Graphics designed by Kelli McBride and are for her exclusive use.

Handouts for college classes maybe used as per fair use practice.  All other documents on this site written by Ms. McBride are copyright protected.  Please email her for rights to use.


MLA Documentation Overview

(2009 MLA Guidelines)

 PDF File       Power Point Presentation

When using material from outside sources, we must document that use or else we are guilty of plagiarism.  The Modern Language Association (MLA) has a 2-step process: parenthetical notation and a works cited page. The Troyka and Hesse QA Compact handbook presents more detailed information in Chapter 35. You can find a sample research paper on pp. 413-21 that shows not only how to use parenthetical notation but also how to format a works cited page.


Parenthetical Notation:

This is the in-text information you give the reader at the time you use outside material. At the end of the sentence or passage in which you have quoted, paraphrased, or summarized a source, you use a parenthesis to indicate author and page number.


o A quotation would look like this: “Anger and bitterness had preyed upon me continually for weeks” (Keller 147).

o A summary of Keller’s words would look like this: Before Helen Keller met Anne Sullivan and learned about language, her life was full of rage and frustration (147).

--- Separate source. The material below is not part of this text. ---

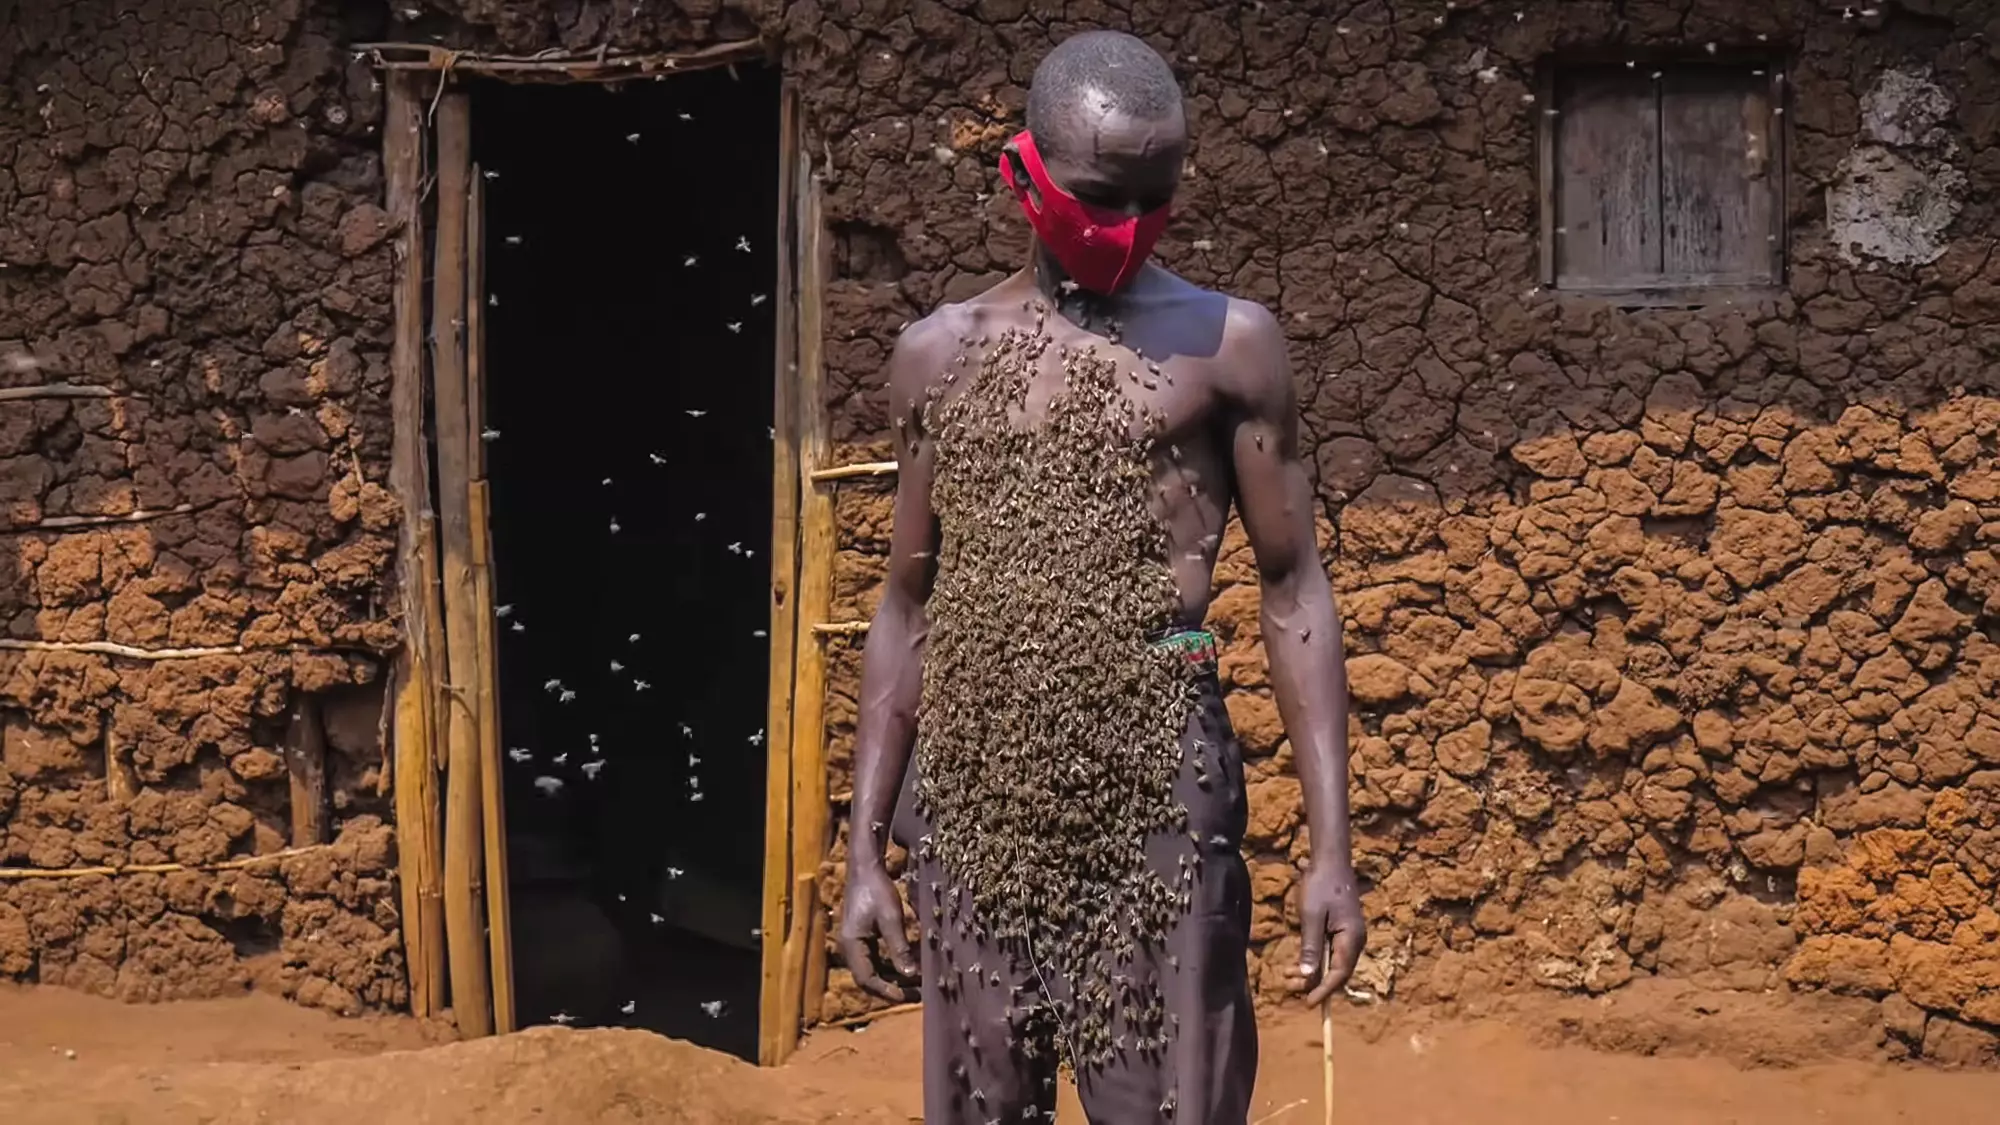 'King Of Bees' With Swarm Around His Body Claims He's Never Been Stung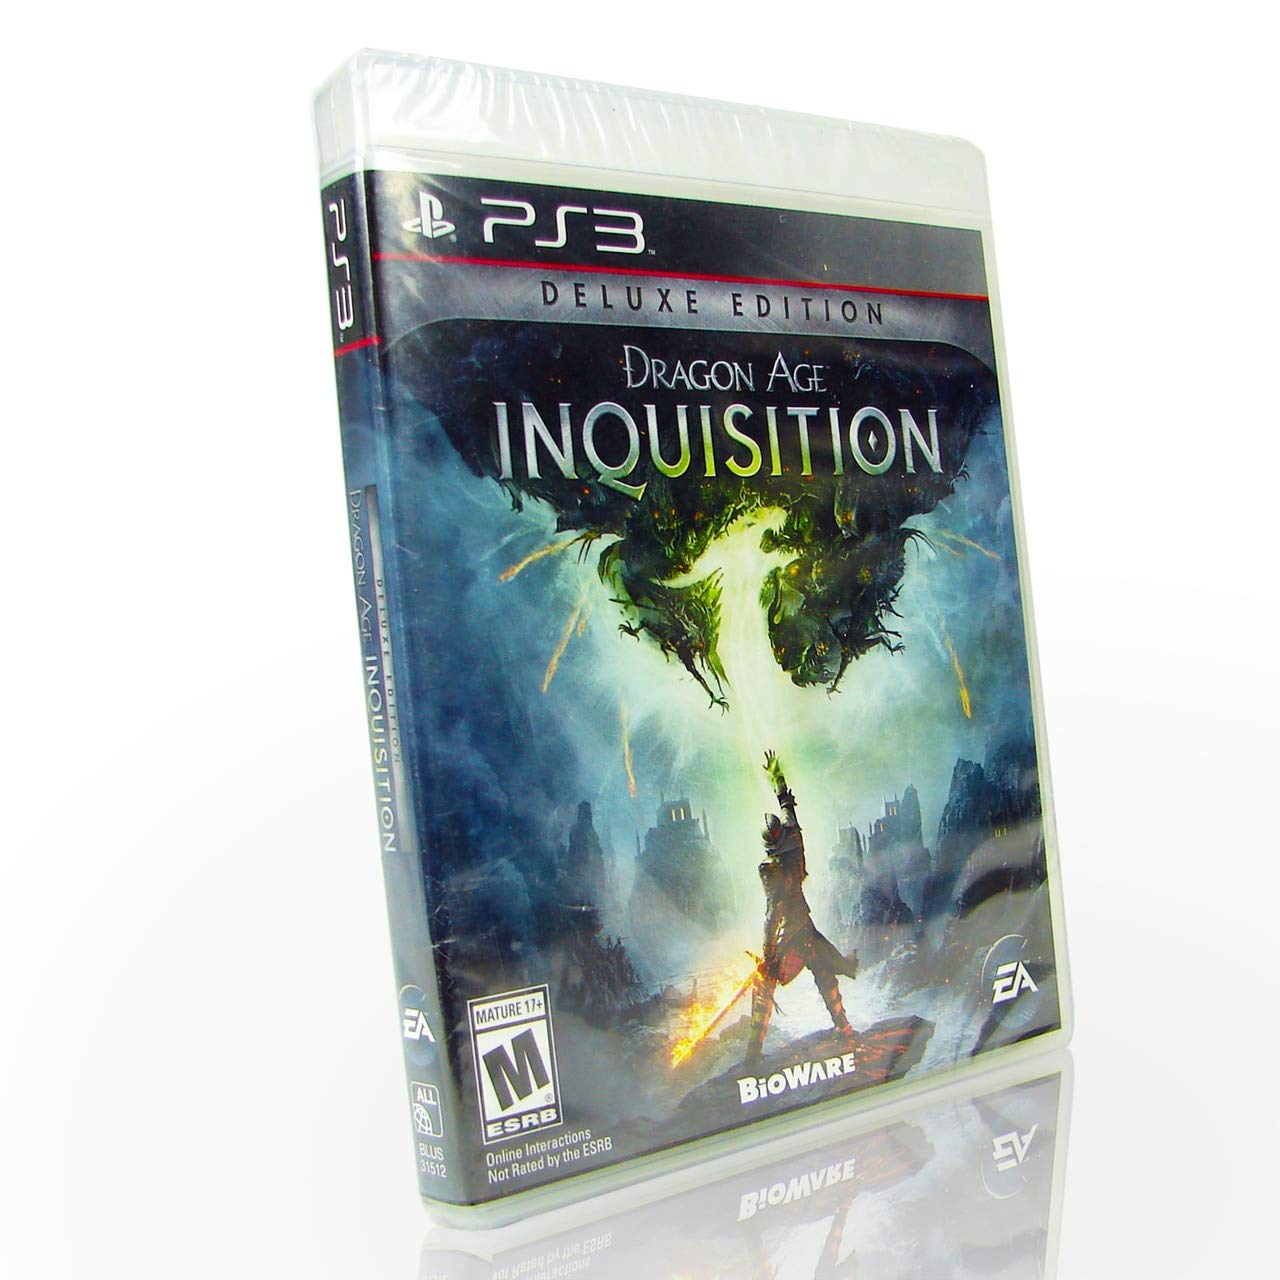 Dragon Age Inquisition - Deluxe Edition - PlayStation 3

Notice the difference in the parenthetical information. If I use Keller’s name in my sentence and that clearly identifies her as the author of the information, then I only need to use the page number in parentheses.  An exception to this rule is if I have more than one work by Keller that I cite in my essay. Look in Troyka and Hesse or more details on using parenthetical notation.


Works Cited:

The second step to complete documentation is the works cited page, which always appears as the last page in an essay.  This page lists the complete publication information for each source you use in an essay. Without this page, we would have to put all the information in our text, which would be distracting. A works cited page has the following rules:


1.  Always alphabetize by author’s last name (or if no author given, the title of the source). So Helen Keller’s piece would be listed under K for Keller.

2.  Always double space, using NO extra space between sources.

3.  Use hanging indent for each entry (first line is flush with the margin and subsequent lines in that entry are indented).

4.  Include information concerning publication. This differs for the type of source, and those differences are listed in Troyka and Hesse, Chapter 35.  For works from our class reader, you should follow example #11 on p.392 if you only refer to one essay from our book. If you refer to two or more essays, you should follow example #11.  Here’s how a work cited entry from Helen Keller would look:


Work Cited

 Keller, Helen. “The Day Language Came into My Life.” The Power of Language; The Language of Power. Ed. Jessica Isaacs, et al. 2nd ed. Boston: Pearson, 2006. 147-49. Print.

Because individual sources have different information that needs citing, you should refer to Quick Reference 35.1  on pp. 386-89 in Troyka and Hesse. This gives you all the information you might need for an entry. The list for electronically accessed databases, like Ebsco, is on pp. 397-98, and the list for a variety of Internet sources is on pp. 399-405.  Please refer to these as you are assembling your works cited page.